The ship is now on its way to Spain, which showed up its neighbors by solemnly announcing that it would “respect its international engagements” and accept the boat after Malta, too, refused it, and France stood idly by. Brussels, the seat of the European Union, looked on in relative silence. There was no common policy to receive the Aquarius and no authority to impose one if there were.

The Italian refusal to offer safe harbor to a ship loaded with what aid groups described as 629 migrants — including 123 minors, 11 small children and seven pregnant women — was intended to underscore a long-simmering grievance.

The Italians have bridled for years that they have been left alone by their European Union partners on the front line on the Mediterranean with an unmanageable burden of migration that Mr. Salvini pledged to reverse in his recent election campaign. But his refusal to accept the boat did more than pit humanitarian necessity against political expediency. It roiled tensions with European allies in ways that made President Trump’s performance at the G-7 summit last weekend look almost diplomatic by comparison.


Thursday, June 14, 2018

Book Reviews: Agincourt

Agincourt
by Bernard Cornwall
Which one of you SOB's is ready to do some man's work today? Come and have a go if you think you're hard enough!
In 1066 when William of Normandy invaded England, defeated its Saxon king and took the English crown, subduing the Britons and Anglo-Saxons, he did not give up his lands in France, or more precisely Normandy. His descendants were just as aggressive, at one point ruling just over half of what is today modern day France, though technically they were still considered vassals of the French King. This Norman-English presence grated on continental French sensibilities and noble interests. The French began a long campaign to reduce English suzerainty in France, peacefully if possible, violently if not. 
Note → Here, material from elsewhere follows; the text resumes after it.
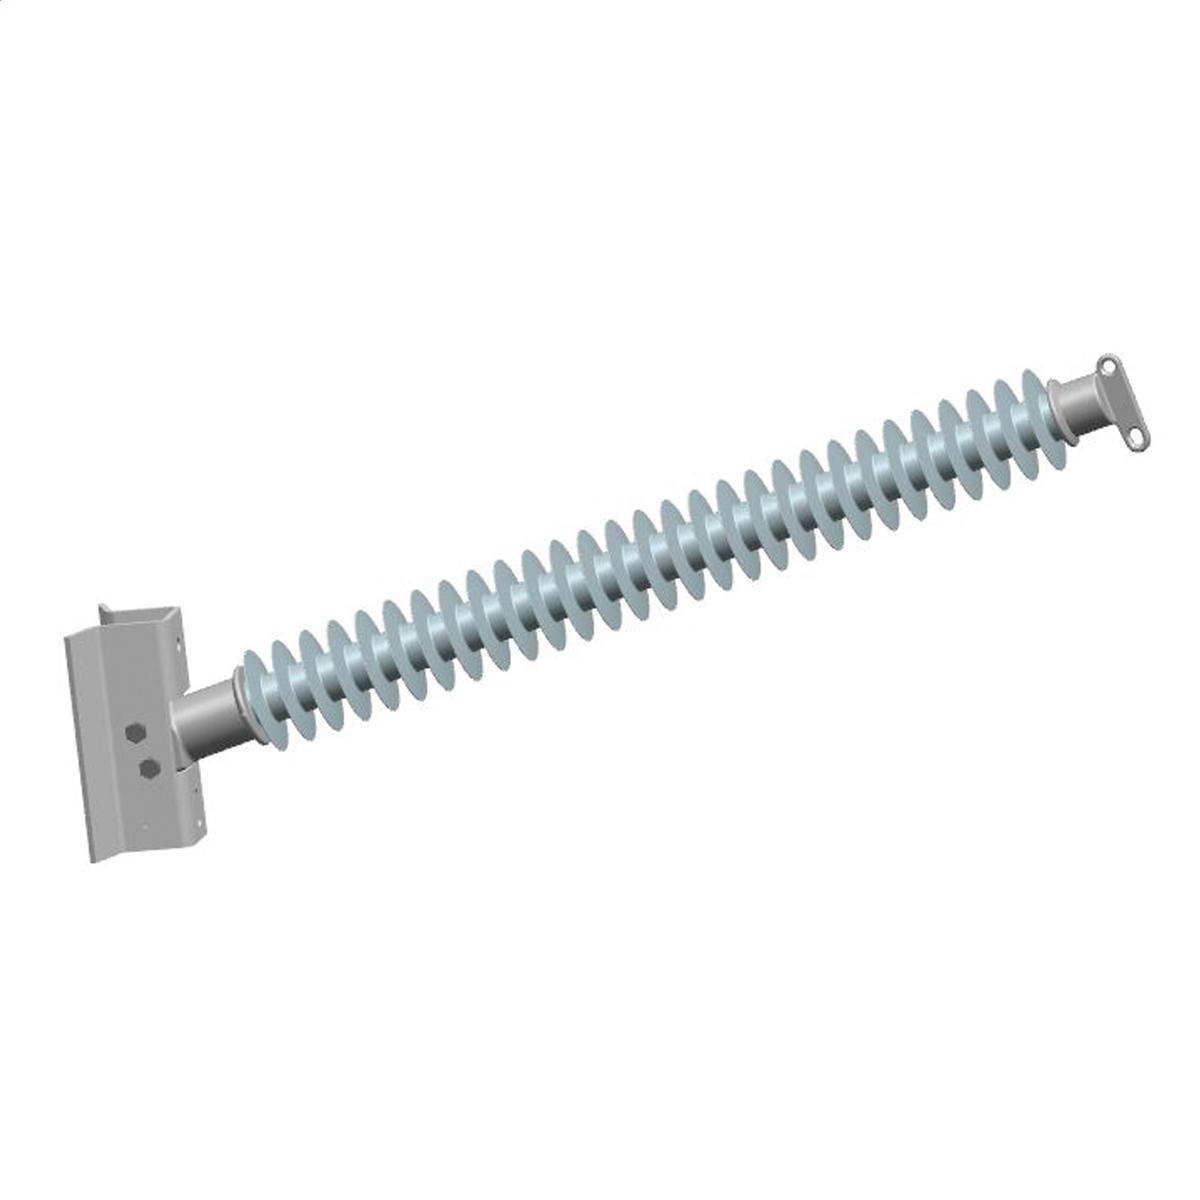 Hubbell P250029S0080 2.5" Line Post, Std. Leak, 2 Hole blade, Steel flat base 8x13/12" CL 7/8" bolts  ; Made from hydrophobic silicone polymer ;

In the 14th century a particularly complex chain of events left the English King with arguably the best claim to the French throne. As a result, long simmering national and dynastic tensions boiled over into the war we know as the Hundred Years War.

Although ultimately the French would triumph, ending English claims to French lands or thrones, the English won many of the war's best known battles. Perhaps it's because the English were more adept propagandists (The Battle of Agincourt was memorialized by Shakespeare in "Henry V") and because we speak English that we know more of the English victories and not their final defeat. Overall the Hundred Years War helped to speed the transition of England and France from feudal territories into nation states. It was also a precursor to the English War of Roses but that's another post.

The Battle of Agincourt was an English high point. An English army of  about 6000 sick and half starving men soundly thrashed a French army at least three times its size. Some people claimed the English were outnumbered by as many as five or six to one. Whatever the numbers were, contemporary chroniclers were shocked by the English victory. In this older book Bernard Cornwell takes the reader on an exciting and apparently realistic excursion into 15th century morals, ethics, hygiene, and warfare.